# Introduction
This notebook is meant to work with real-time drilling data from Volve dataset converted from WITSML to CSV.

## Basic imports
Some imports are necessary for the notebook to work.

In [None]:
%matplotlib qt
import numpy as np
import pandas as pd
import matplotlib.pyplot as plt
from glob import glob
import os
import random

## Constructing a file list
File list is constructed in this cell. It will find all *.csv* files located in the same folder as this notebook. 

In [None]:
filelist = glob(r'*.csv', recursive=False) #search in not recursive by default

print ("Detected logs:\n")

for i in range(len(filelist)):
    print ('[' + str(i) + ']' + " " + filelist[i].split('\\')[-1] + " " + str(os.path.getsize(filelist[i])//1000000) + 'MB')

print ()

## Searching for attributes

This cell allows you to define a searchphrase (case insensitive) that will be searched for in the dataset.
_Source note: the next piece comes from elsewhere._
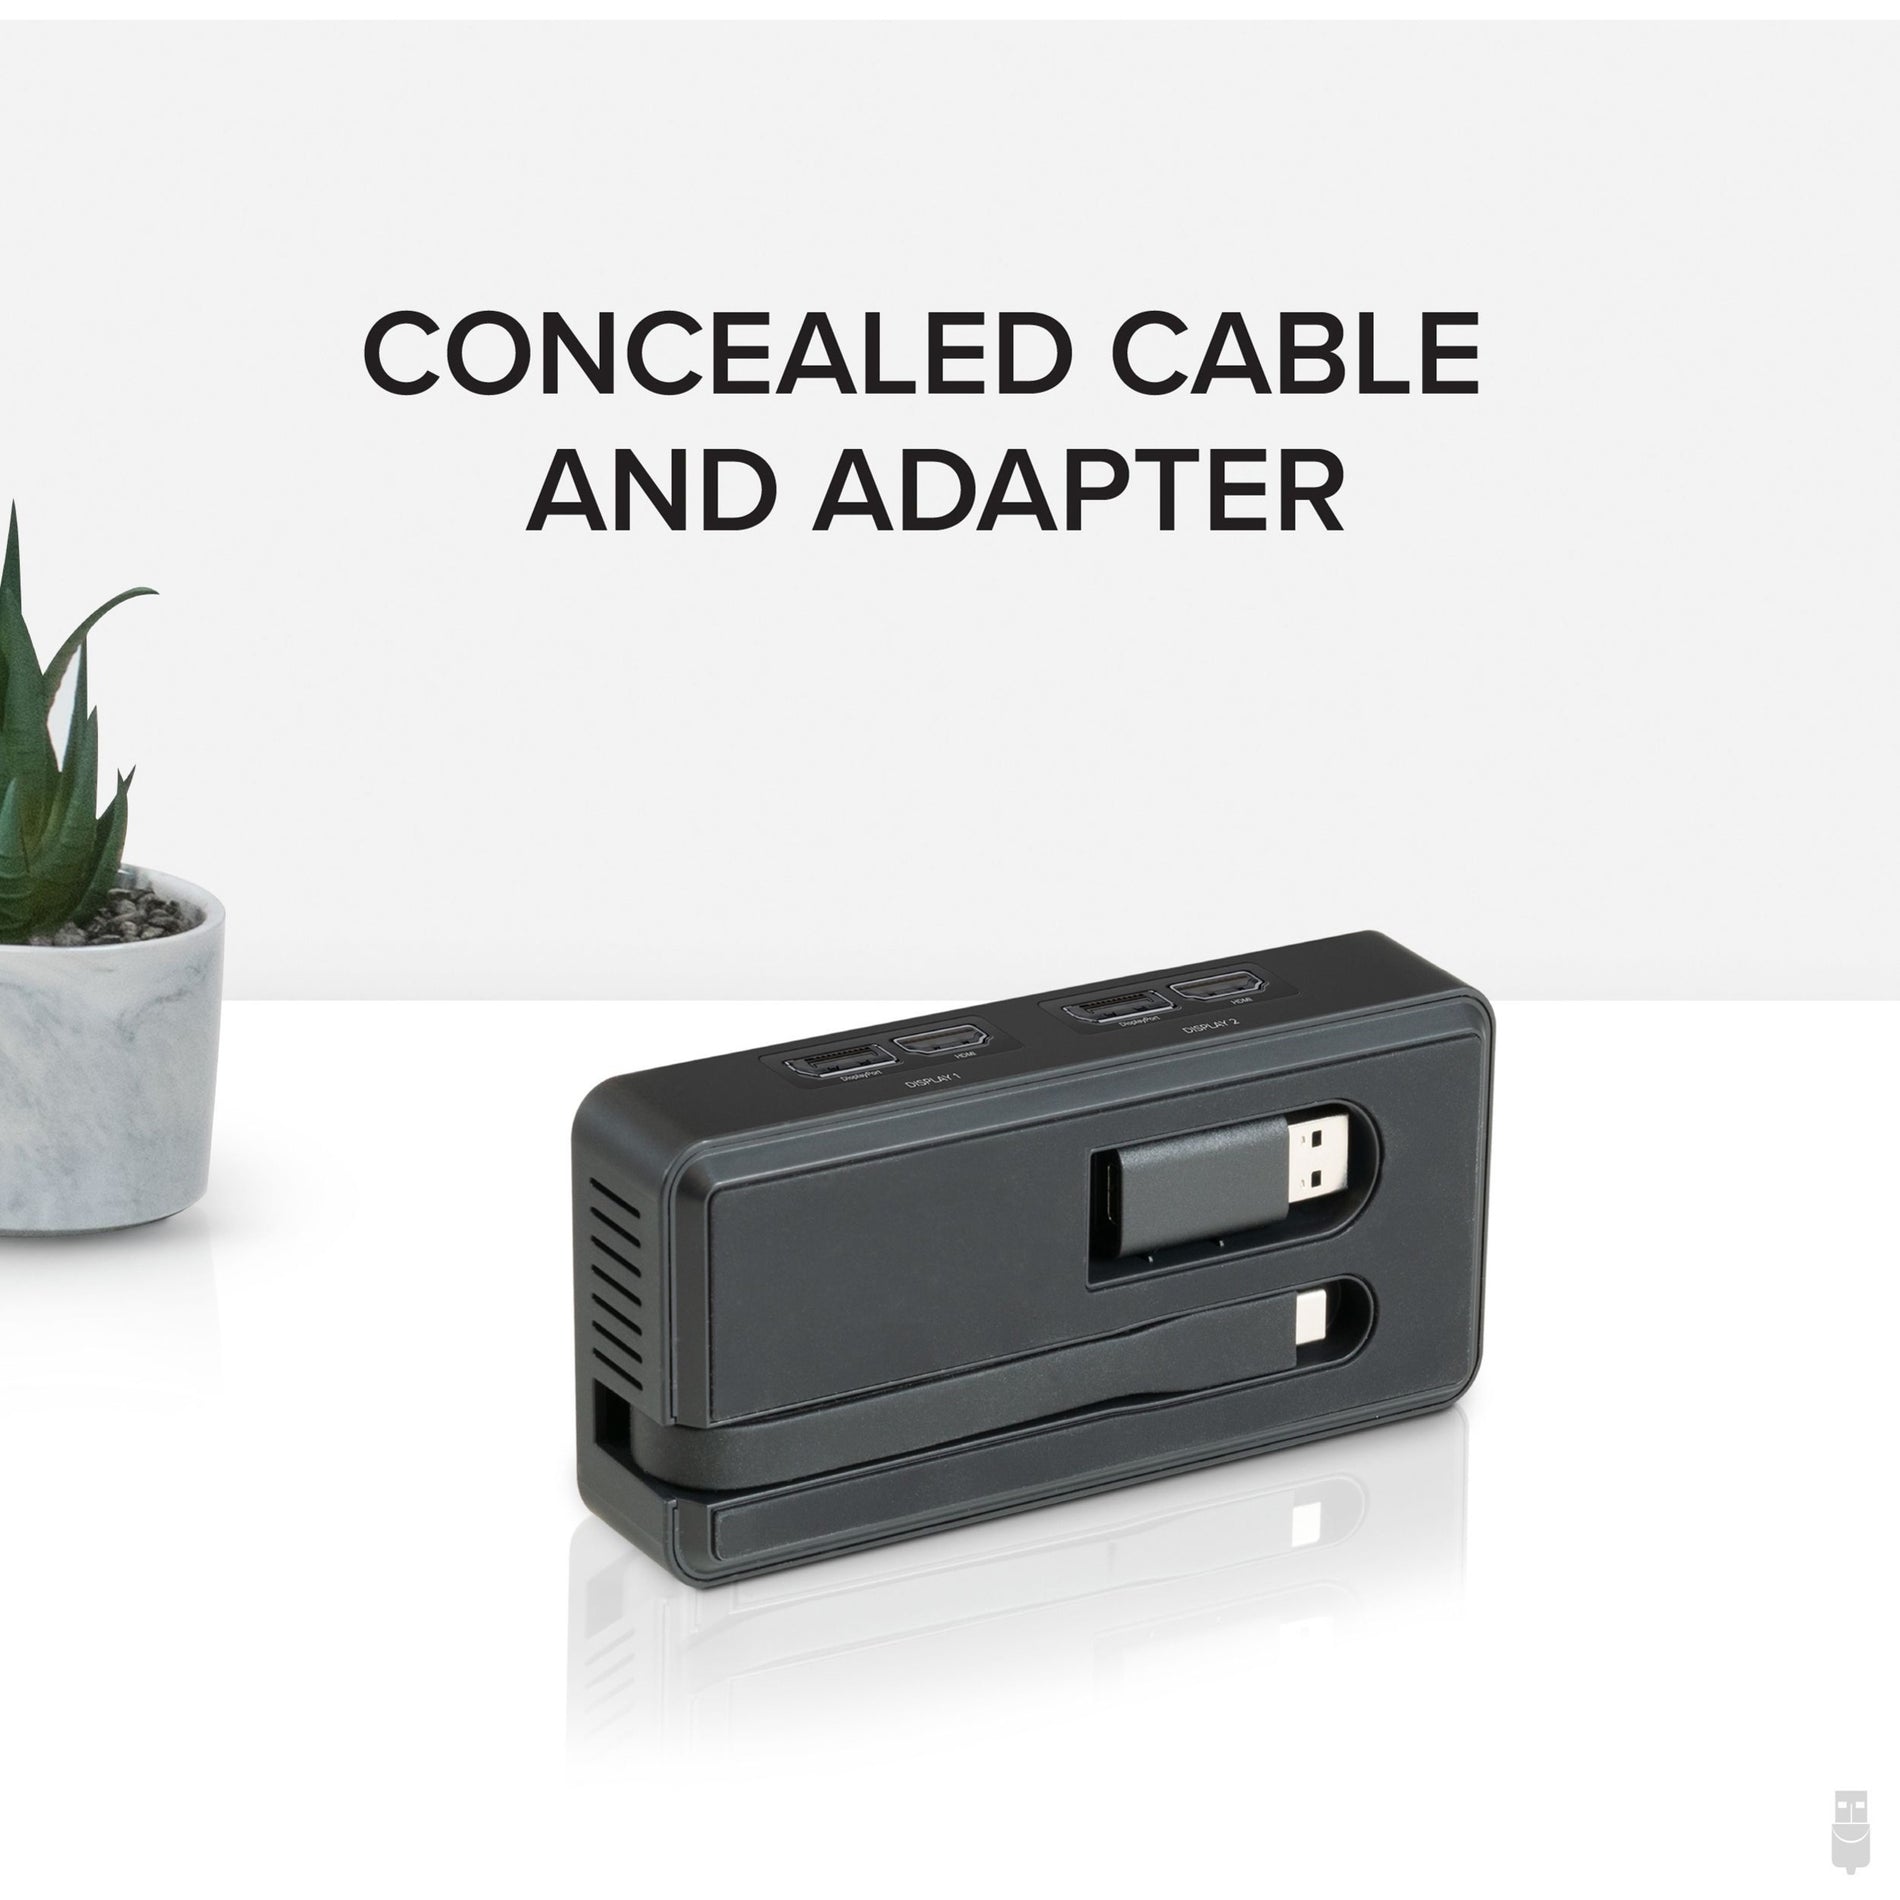 プラガブル USBC-6950U USB 3.0およびUSB-C 4K DisplayPortおよびHDMIデュアルモニターアダプター、簡単に複数のモニターを接続できます。 - プラガブル - プラガブル

Only the logs that contain something will be shown.

This notebook is optimized for speed by reading just the first line of the CSV file.

In [None]:
searchphrase = "depth"
searchphrase = searchphrase.lower()

for j in filelist:
    
    df = pd.read_csv(j, nrows = 1)
    k = 0
    for i in list(df):
        if (i.lower().find(searchphrase) > -1):
            if k==0:
                print ("")
                print ("Found in: " + j)
                k=1
            print (i)

print()

## Chart generator

It is difficult to create a method that would estimate usability of certain attribute from the point of completeness or noise. Therefore it is convinient to quickly generate charts of those attributes.

This function will search for a phrase and plot a sample of 10 000 points (for performance reasons) and generate a high resolution PNG file.

In [None]:
def chartgenerator(searchphrase):
    
    for j in filelist:
        print ("Reading " + j)
        n = sum(1 for line in open(j)) - 1
        s = 10000
        if (n - s) < 0 : n = s
        skip = sorted(random.sample(range(1,n+1),n-s))

        df = pd.read_csv(j, skiprows=skip)

        for i in list(df):
            if (i.lower().find(searchphrase) > -1):
                plt.clf()
                plt.figure(figsize=(20,10))
                df[i].dropna().plot(linewidth=1, label=i, title=j.split('\\')[-1])
                plt.legend()
                print(j + i + '.png')
                plt.savefig(j + i + '.png', dpi=300,bbox_inches='tight')


This routine will cycle through a keyword list and feed it into the chart generator.

In [None]:
keywords = [
            'continuous',
            'gamma'
            ]

for k in keywords:
    k = k.lower()
    chartgenerator(k)